An exclusive feature of Khomp SBC for the security of your network
Khomp has expanded its KMG MS line of media gateways to make Register Authorization available on the SBC for all SIP calls simultaneously. This way, Register Authorization works on scenarios with incoming SIP calls from internal and external networks, allowing for authorization or denial of SIP registration requests.
Registration requests can come from home-based agents, virtual offices, and remote agent-desks, for example. They are received and handled by the SBC at the edge of the internal network, so that only authorized requests are forwarded to the internal network and all others are rejected.
Rejected requests may receive an error message or they may simply be ignored, like the OPTIONS messages. These messages test whether there is any SIP service responding at a particular IP; in such case, even a faulty response might risk the network security and it is best to ignore it.
Requests are authorized or rejected based on user authentication in the PBX system, while preserving the status of the record and of the registered users transactions.
Register Authorization also enables the creation of policies for accepting or rejecting other SIP packets. For example, you can configure it to only accept requests from registered users, or to reject all packages sent by a particular user agent.
Some exclusive advantages of Khomp Register Authorization include:
● It can perform authentication by querying an external LDAP database before it reaches the PBX, or it can delegate authentication to the PBX. In the case of an LDAP database server, you can count on server redundancy to fail proof the communication with the former.
● It can work as a Back-to-Back User Agent (B2BUA), i.e., it intermediates all SIP signaling, from the moment the call is received up until it is finalized. It is comprised of two components, the User Agent Client (UAC) and the User Agent Server (UAS), and, unlike a proxy server, the B2BUA preserves the status of the transactions and registers, and it gets involved in all the requests of a call.
● It allows the creation of media profiles for choosing codecs and transcoding options. This allows you to create specific settings for the IP telephone or softphone that is trying to make a call through the KMG, by using a specific codec there and another one within the network, between the KMG and the PBX server, for example.
● It allows the conversion between different transport types (UDP/TCP/TLS). The SBC can communicate with the User Agent Client (UAC) and the User Agent Server (UAS) on each side having different transport types, and these will be converted in order to be used.
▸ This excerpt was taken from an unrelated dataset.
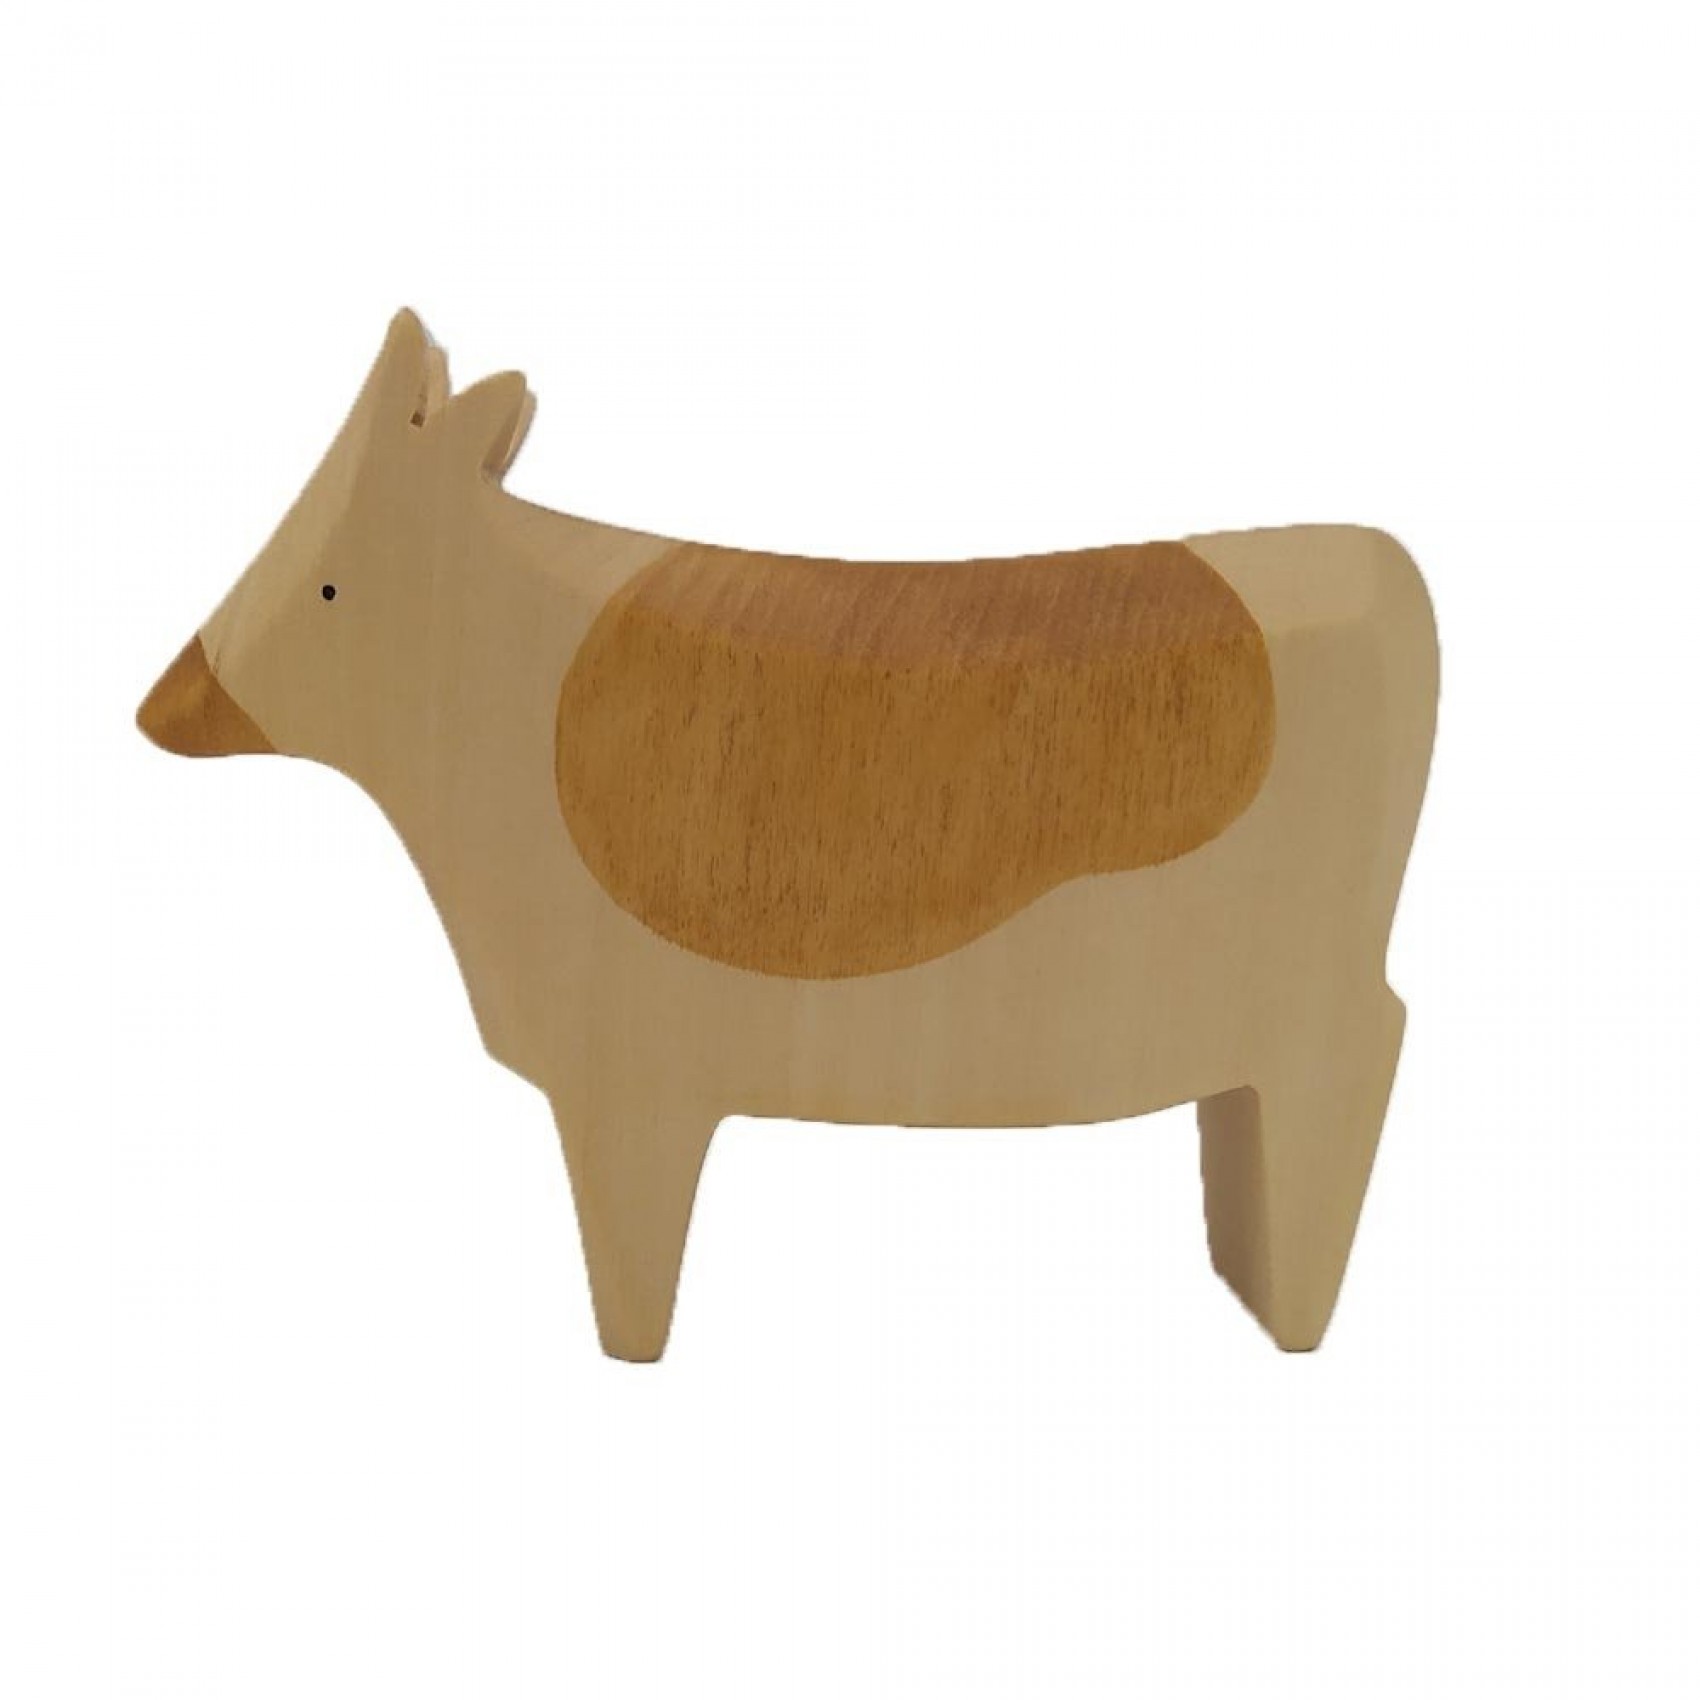 Jouet vache en bois Figurine vache en bois Animaux de la ferme en bois  Jouets animaux en bois Animaux en bois -  France

● It supports different TLS certificates per network interface. As a security protocol, TLS is responsible for data privacy and integrity between two applications that communicate with each other through the Internet. By using security certificates, it encrypts all data transmitted between the user web browser and the server, so data cannot be captured along the way. This way, even if such applications use different TLS certificates, the register authorization allows all requests to be safely fulfilled.
● It provides mobile users with secure access to the voice network, with no need to use a VPN (Virtual Private Network).
● It supports NAT (Network Address Translation) traversal. NAT translates IP addresses between public and private networks, allowing requests received through a public IP to be correctly answered to their source, even when the source is within a private network.
● It hides the topology of the internal network (topology hiding). Thus, should the client suffer an attack of any kind, the internal network will be protected and “invisible” to the hacker.
● It can perform registering in multiple PBXs (redundancy). In this case, there must be more than one server configured to receive external requests, so that when a server becomes unavailable, the other can continue to receive and register requests.